Children Dyslexia

Reading seems easy and automatic for people who master it without difficulty. However, reading is a complex and challenging task for our brain, so we shouldn’t be surprised that many kids have problems with it.

Some studies suggest about 15% to 20% of the U.S. population has a specific reading disability called dyslexia, which is the major cause of reading failure in school. Dealing with this learning challenge can lead to frustration and self-doubt, especially when it goes undiagnosed for a long time. The good news is that dyslexia can be identified early and kids who have it can be taught to become successful readers.

Kids with dyslexia, have trouble with phonemic awareness and phonics. Research has shown that dyslexia occurs because of subtle problems in information processing, especially in the language regions of the brain.  For this reason, reading doesn’t become automatic and remains slow and labored.

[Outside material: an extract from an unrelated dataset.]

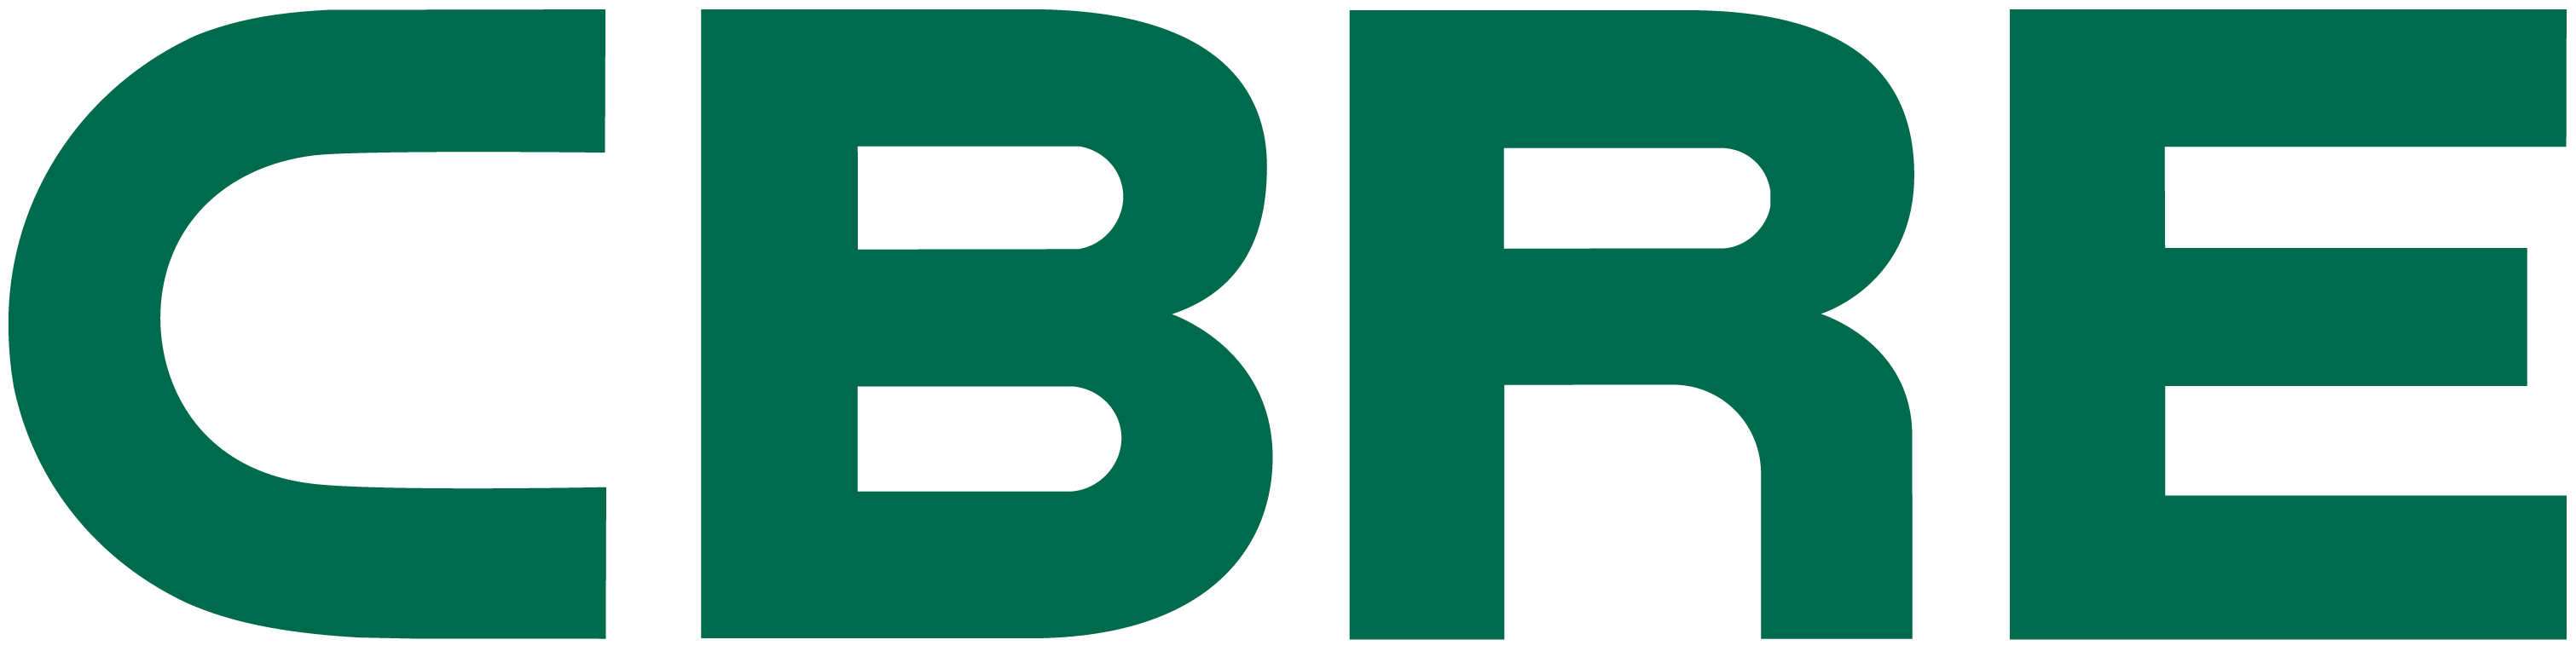 Cbre Pte. Ltd. company logo

When a child struggles with the beginning steps in reading, comprehension suffers and frustration normally follows.

A common assumption about dyslexia is that letters or words appear reversed; i.e., “was” appears like “saw.”  This type of problem can be a part of dyslexia, but reversals are very common among kids up until first or second grade, not just kids with dyslexia.  The major problem for kids with dyslexia is in phonemic awareness, phonics, and rapid word recognition.  Seek professional help if you have concerns.